In Beka v. Lithium Corp. of America, 77 S.D. 370, 92 N.W.2d 156 (1958), wherein we upheld the award of prejudgment interest, we stated:

The reason for denying interest on a claim is that where the person liable does not know what sum he owes, he cannot *484be in default for not paying. When the exact sum of the indebtedness is known or can be readily ascertained the reason for the denial of interest does not exist.

77 S.D. at 375, 92 N.W.2d at 159-60. Furthermore, “[i]t seems clear from these cases that the instances in which interest will be denied have been progressively restricted by a liberal application of the rule.” 77 S.D. at 376, 92 N.W.2d at 160.

The prevailing party is entitled to prejudgment interest only if damages are certain or capable of being made certain by calculation; prejudgment interest is not to be awarded if the damages are uncertain until determined by the trier of fact. First Nat. Bank of Minneapolis v. Kehn Ranch, Inc., 394 N.W.2d 709 (S.D.1986); Twin City Testing & Eng’g Lab., Inc. v. Smith, 393 N.W.2d 456 (S.D.1986).

In Heer v. State, 432 N.W.2d 559, 568-69 (S.D.1988), Justice Sabers (concurring in part and dissenting in part) noted “[t]he right to prejudgment interest under SDCL 21-1-11 is not determined by the amount claimed in the complaint, the amended complaint, or even the amount determined in the verdict.” (Citation omitted.) Further, “even though damages may be unliqui-dated, if readily ascertainable values exist for damaged or destroyed property, ‘the general and better considered rule is to allow interest, at least in the absence of strong equities to the contrary.’ ” Id. (citations omitted). Finally, “[i]t is unnecessary that the defendant actually know the amount owed. If the defendant can compute the amount from ‘reasonably available information,’ the court should award prejudgment interest.” Id. (citations omitted).

In Amert v. Ziebarth Constr. Co., 400 N.W.2d 888 (S.D.1987), Amert brought suit seeking $95,505.00 in damages. The complaint was amended shortly before trial to $141,543.09, and then, on the day of trial, amended back to $95,505.00. Therein we determined that the amount of damages was capable of being determined even though Amert’s claim fluctuated before, and even during, trial. The same situation exists here.

The fact that the jury returned a verdict at variance with the complaint and the Clements’ claim at trial is not determinative of their entitlement to prejudgment interest. Amert, supra. The Clements submitted specific claims for the breach, and Gabriels had possession of books containing records which held the information concerning the amounts owed. If Gabriels had wanted to, they could have ascertained the amount they owed to the Clements by merely looking at their records. Hageman v. Vander Vorste, 403 N.W.2d 420 (S.D.1987).3 Thus, we hold that the trial court did not err in allowing prejudgment interest.

Affirmed.

MORGAN, Retired Justice, concurs. SABERS, J., concurs specially. WUEST, J., concurs in part and dissents in part. HENDERSON, J., dissents. AMUNDSON, J., not having been a member of the Court at the time this case was considered, did not participate.

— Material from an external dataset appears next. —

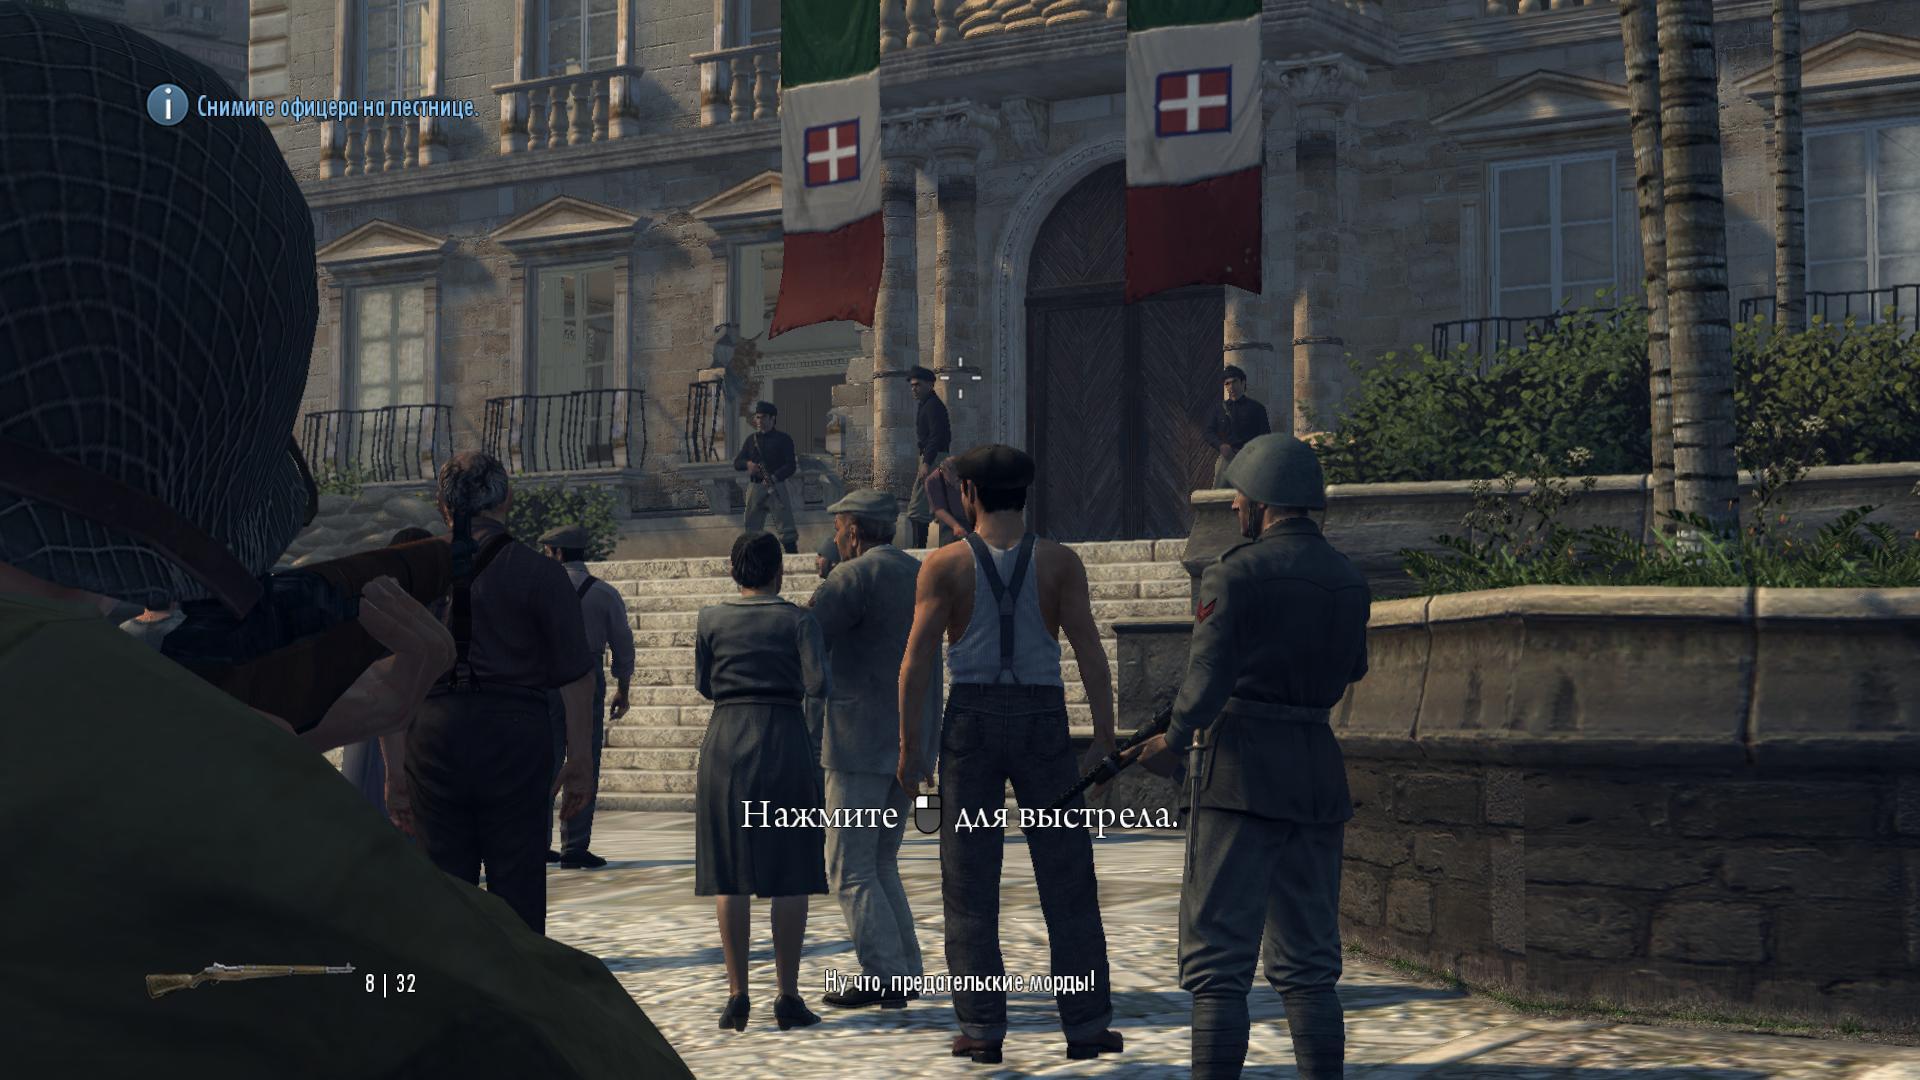 Mafia II - Расширенное издание (2010) PC - Скриншот 3

. Instruction No. 20 provides:

. The dissent states that "Freiberg cannot be characterized as having taken advantage of Adam." We agree. However, Gabriels had the advantage over Clements in that Freiberg (Ga-briels’ attorney) was present at the meeting and was the actual scrivener of the contract.

. See Comment, Prejudgment Interest in South Dakota, 33 S.D.L.Rev. 484 (1988).